● Work instructions: All lines below starting at the one that holds "Air_France_logo" and ending at the one that holds "Windows 8 Theme" should be printed exactly, ends included. Pictures should not be printed, nor anything else.

● Records supplied:
........
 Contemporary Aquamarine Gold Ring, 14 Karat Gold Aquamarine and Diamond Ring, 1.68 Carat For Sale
........
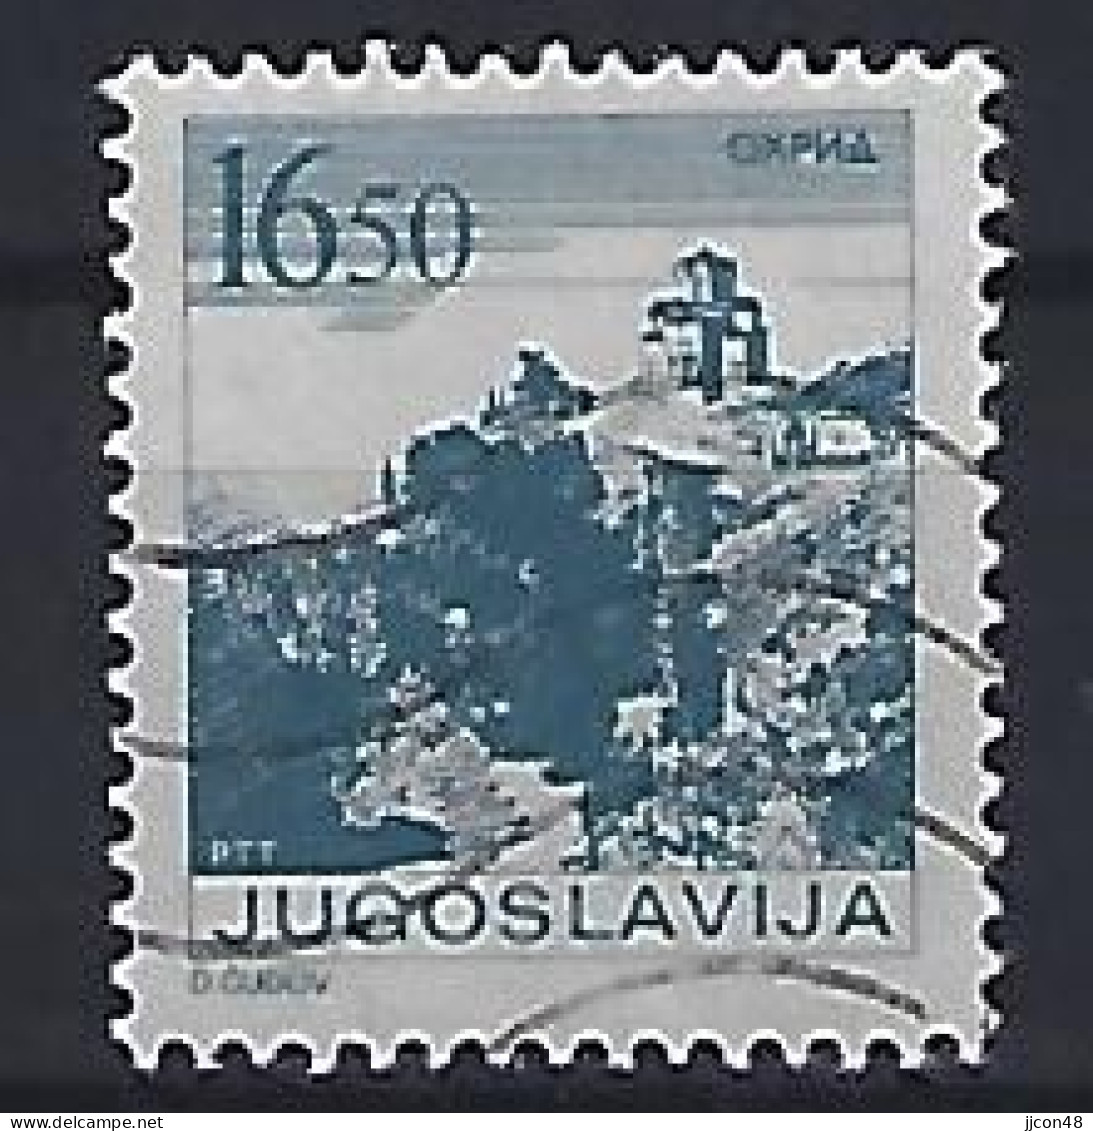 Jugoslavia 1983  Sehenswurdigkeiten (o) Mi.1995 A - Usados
........
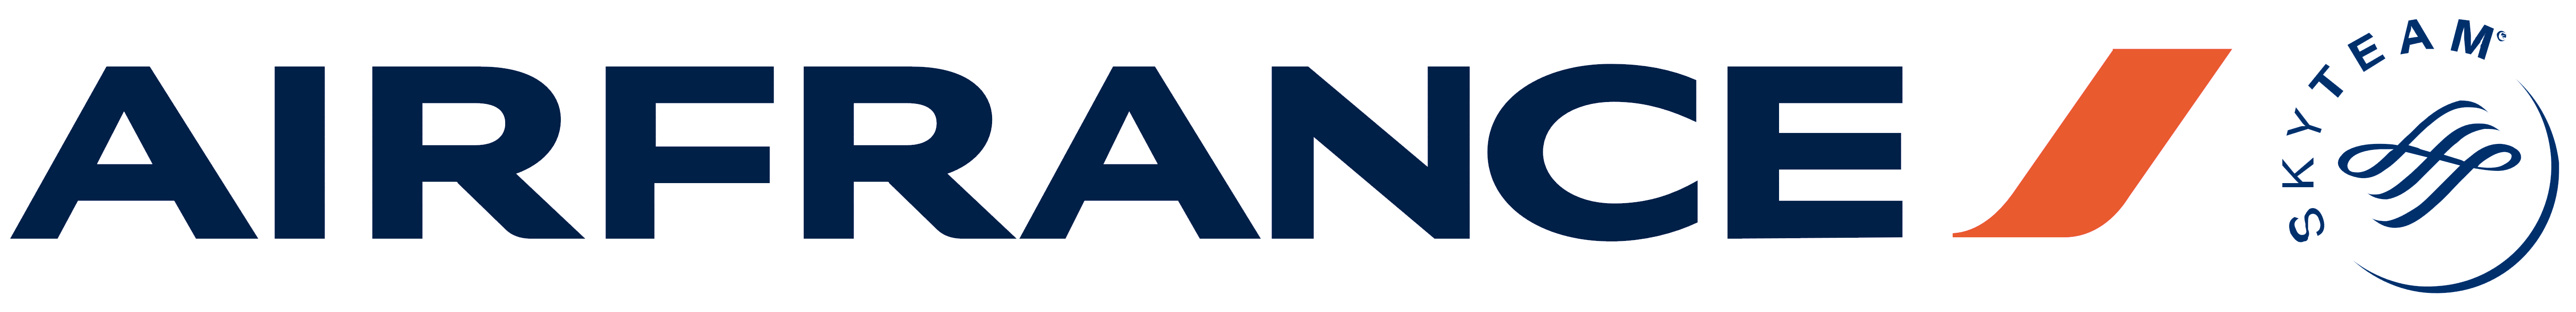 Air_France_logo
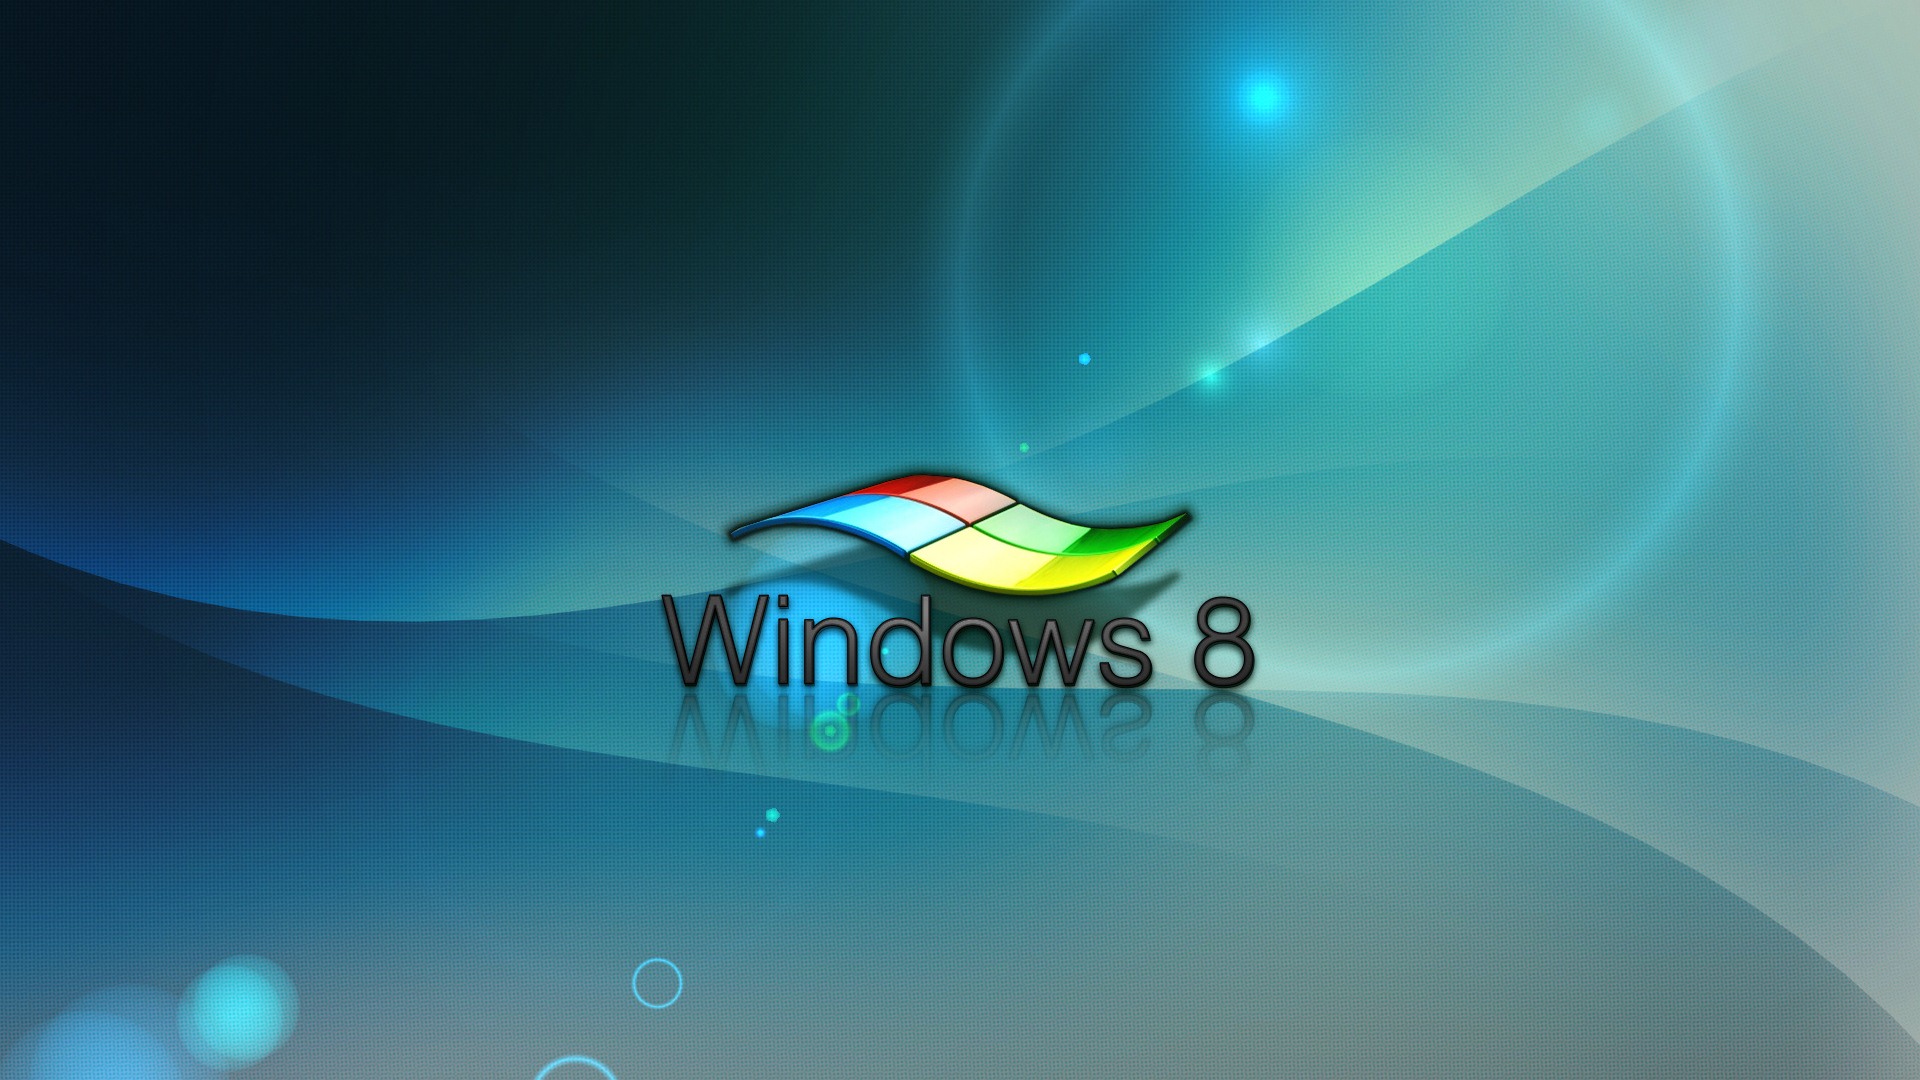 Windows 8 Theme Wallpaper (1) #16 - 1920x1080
........
● Solved problem:
 Air_France_logo
 Windows 8 Theme Wallpaper (1) #16 - 1920x1080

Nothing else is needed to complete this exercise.